I could be entirely wrong.  People who know this woman might be aware of facts unknown to us, perhaps that she is terribly racist and probably would call a black woman an “ape” in the sense of “sub-human primate”.  They might as easily know that she is not at all racist and would have said something like that completely oblivious to its racial implications.  We cannot know whether this white woman made a comment she knew was a racial slur, or whether she meant something differently insulting about a first lady who is perhaps athletic but not graceful.

Which brings the second half of the point.  Most readers, and indeed the media generally, leapt to the conclusion that because this was said by a white woman about a black woman, it must have been a racial slur.  That, though, requires thinking about the situation in racial categories–that is, judging it from a racist perspective.  If the comment had been made by a black woman, would we not conclude that she meant awkward?  If it had been made about a white man, would we be shouting that calling him an “ape” was clearly a racist attack on his status as a human being?  In point of fact, to reach the conclusion that this comment “must have been” racist, you must work from the assumption that because it was said by a white person living south of the Mason-Dixon Line (as it was actually drawn) about a black person, the white person is by default racist and intended it as a racial slur.  However, the statement “all whites are racist” is the attribution of a negative characteristic to all members of a class defined by race–and thus a racist statement by definition–and you do not cause it to cease to be racist by limiting it to “all whites living south of the Mason-Dixon Line”.

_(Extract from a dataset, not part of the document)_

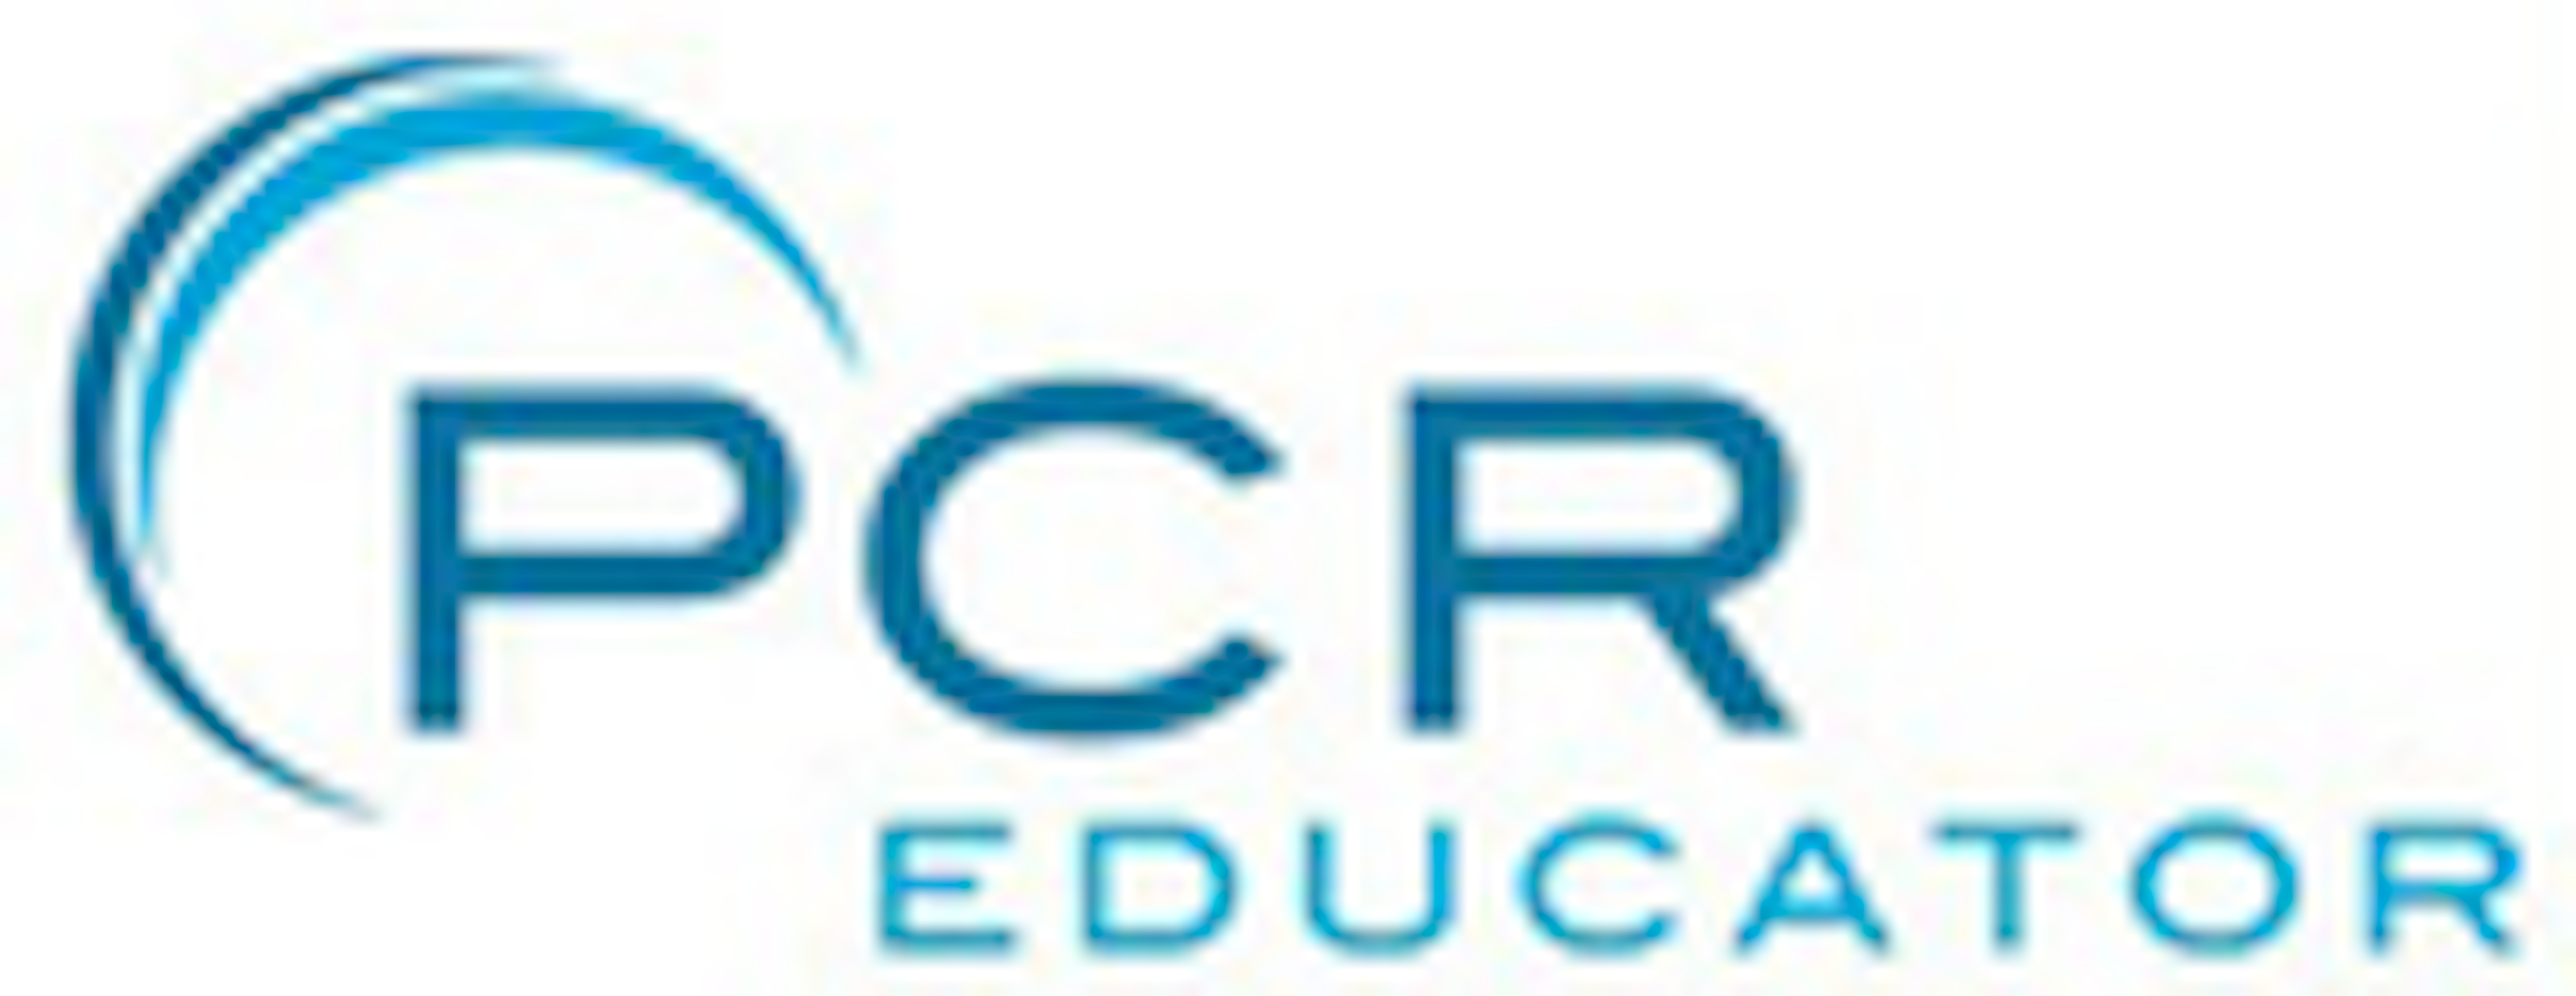 PCR Educator Logo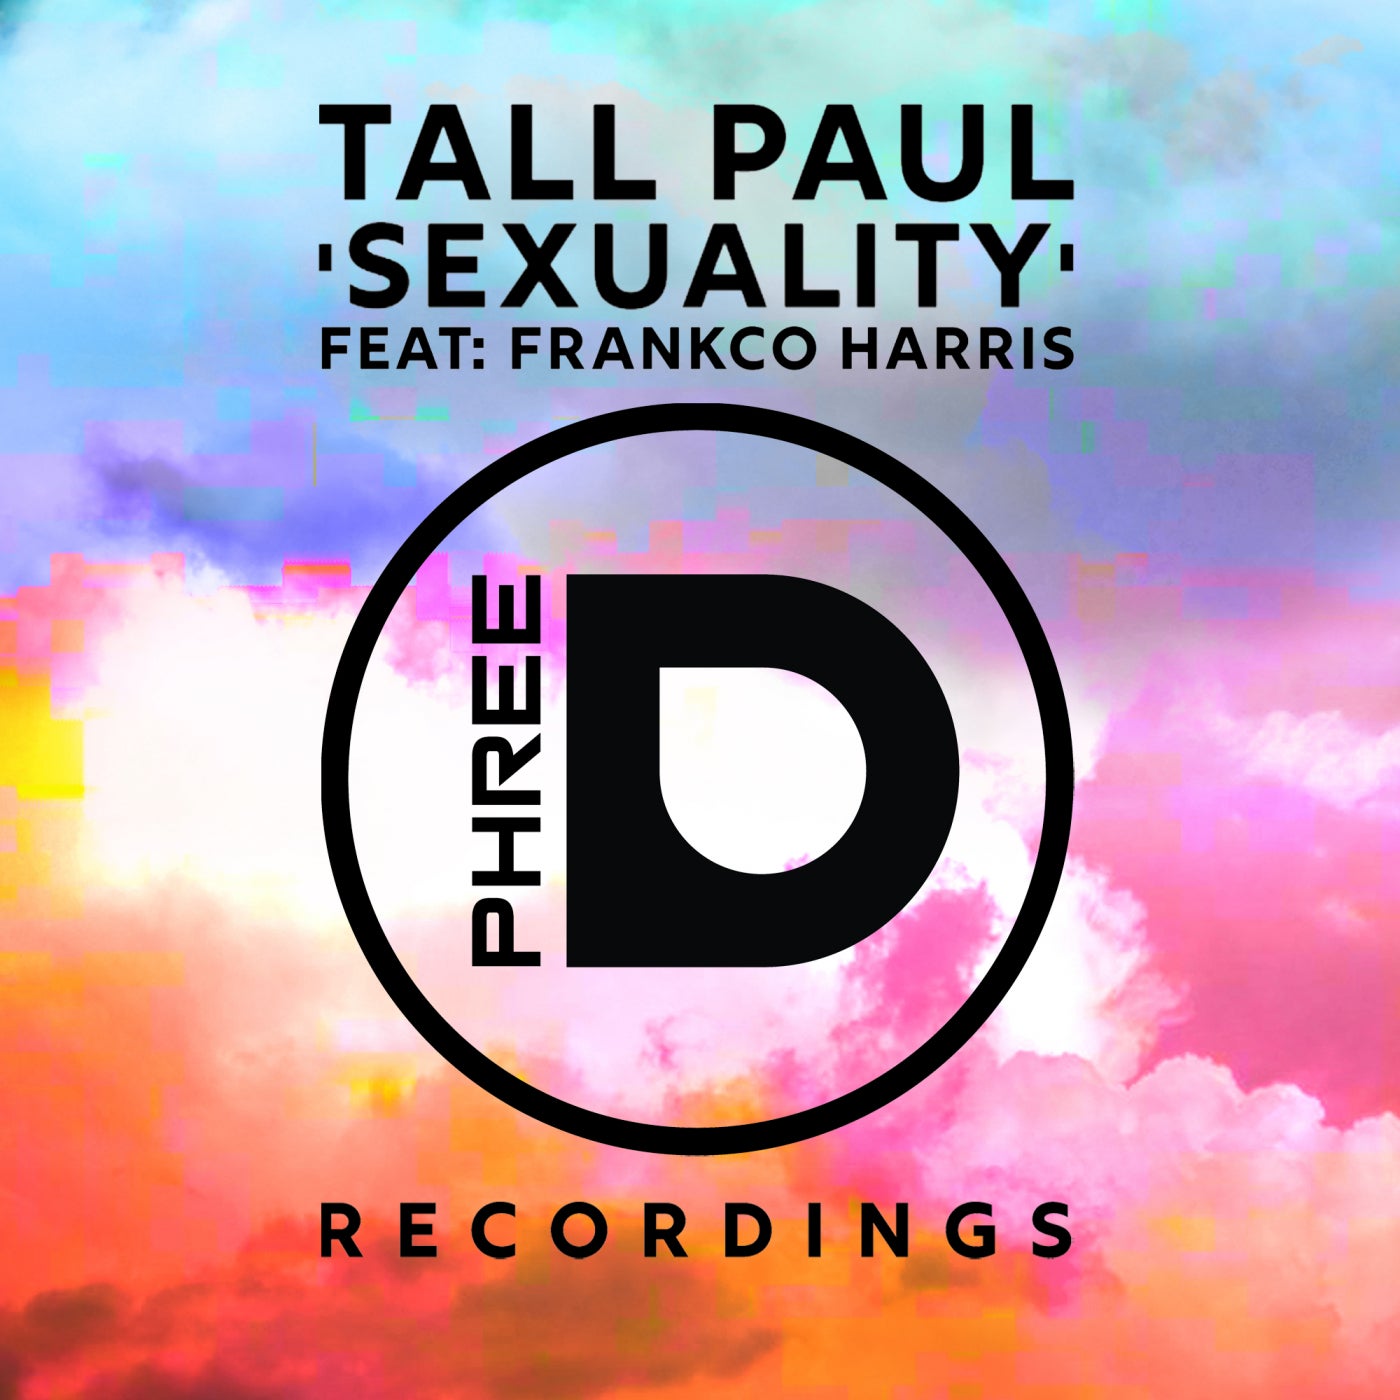 Tall Paul feat. Franko Harris - Sexuality (Tall Paul Remix)

So I do not know whether the woman who stated that Michelle Obama was “an ape in heels” is racist–but I do know that all the people who, knowing no more than that a white woman in West Virginia made such a statement are insisting that it must have been intended as a racial slur because of who said it, certainly are.  If they were not, it would not have occurred to them that the race of the speaker in any way impacted the intent of the statement.